Она разделась и погрузилась в ванну с головой, коснувшись лопатками облупившегося эмалированного дна. Тонкой светлой нитью — медленно и бессмысленно — полился песок в стеклянных часах. Она закрыла глаза, но не могла спрятаться даже под водой от чужих всплесков и чужого ворчания за тонкими ширмами. Тогда Лиза заставила себя вспомнить о чем-то далеком и приятном. Вдруг она увидела лицо Мары Агафонова. Это лицо было неожиданно четким, оно погрузилось в ее теплую воду, склонилось над ее лицом. Она знала, что это ложь, но как раз потому, что это не могло быть правдой, ждала того, что случится дальше — вернее того, что она позволит себе вообразить.
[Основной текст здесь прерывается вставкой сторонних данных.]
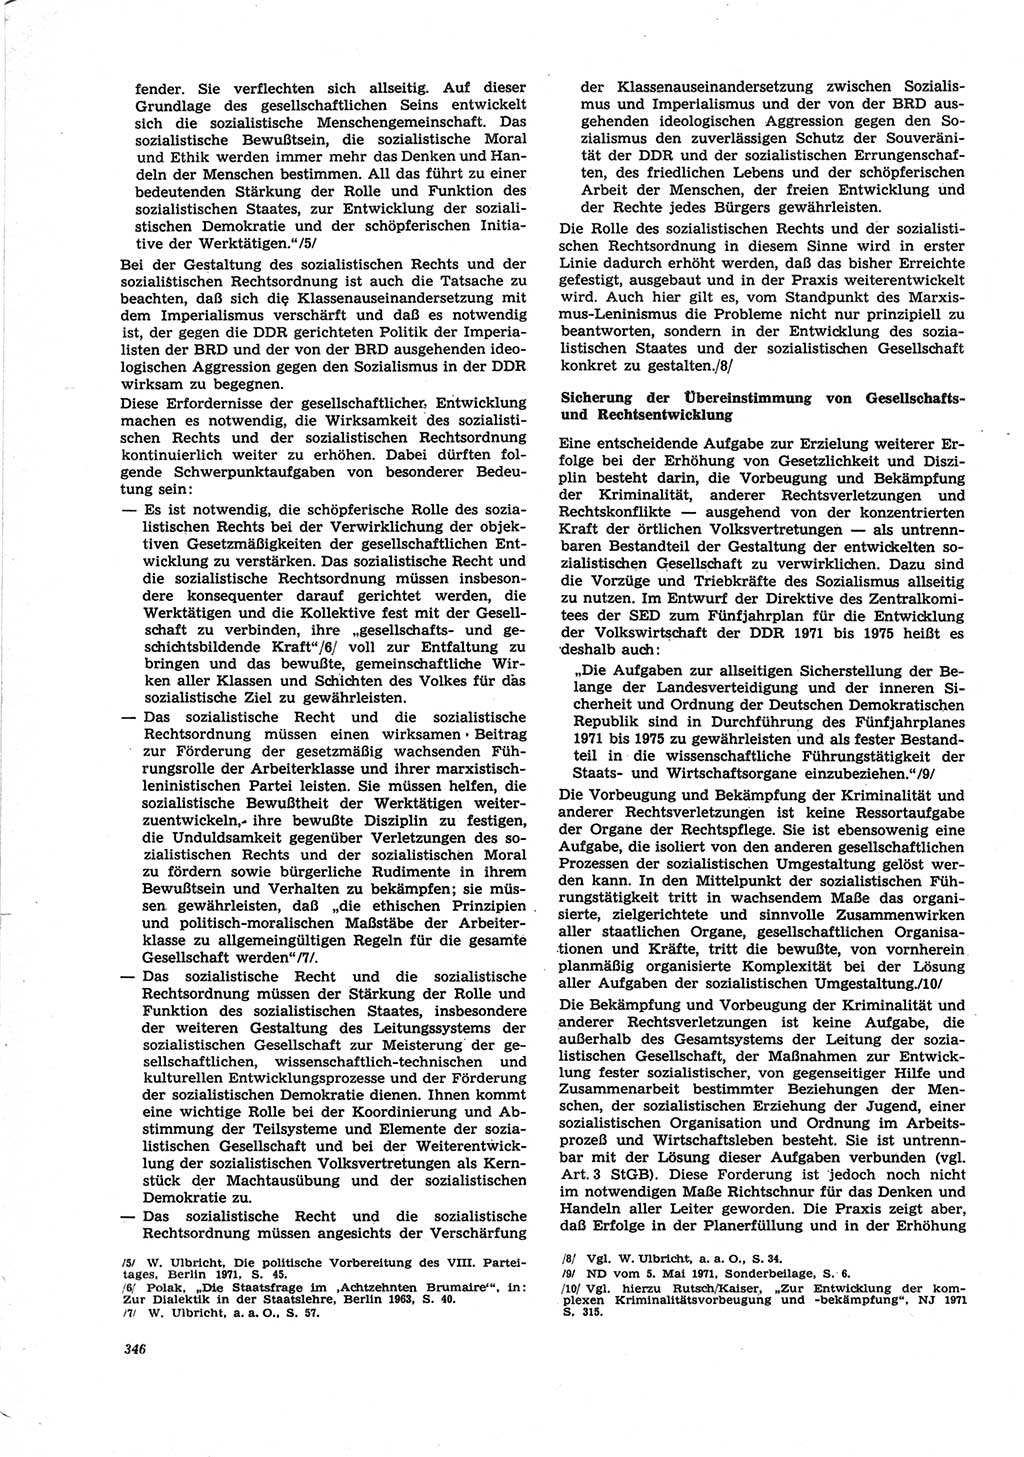 Neue Justiz (NJ), Zeitschrift für Recht und Rechtswissenschaft [Deutsche Demokratische Republik (DDR)], 25. Jahrgang 1971, Seite 346 (NJ DDR 1971, S. 346)

Его губы нежно раскрылись, не выпустив воздуха из несуществующих легких. И длинные черные волосы разметались в разные стороны, коснулись ее век, ее лба, ее щек и ее губ…
«Я тоже хочу узнать тебя, Мара», — прошептала Лиза. Она легко подняла затылок со дна, как будто кто-то тянул ее за плечи, подалась навстречу к нему.
Его силуэт тут же рассеялся в движении воды. Ее губы поднялись над водой, и она жадно втянула ртом воздух.
«Интересно, есть ли у него девушка?» — подумала Лиза, одеваясь. Впрочем, ей было все равно. Ей не было стыдно за эту странную мысль, так просто возникшую в ее голове. В конце концов, она была здесь одинока, а он был далеко.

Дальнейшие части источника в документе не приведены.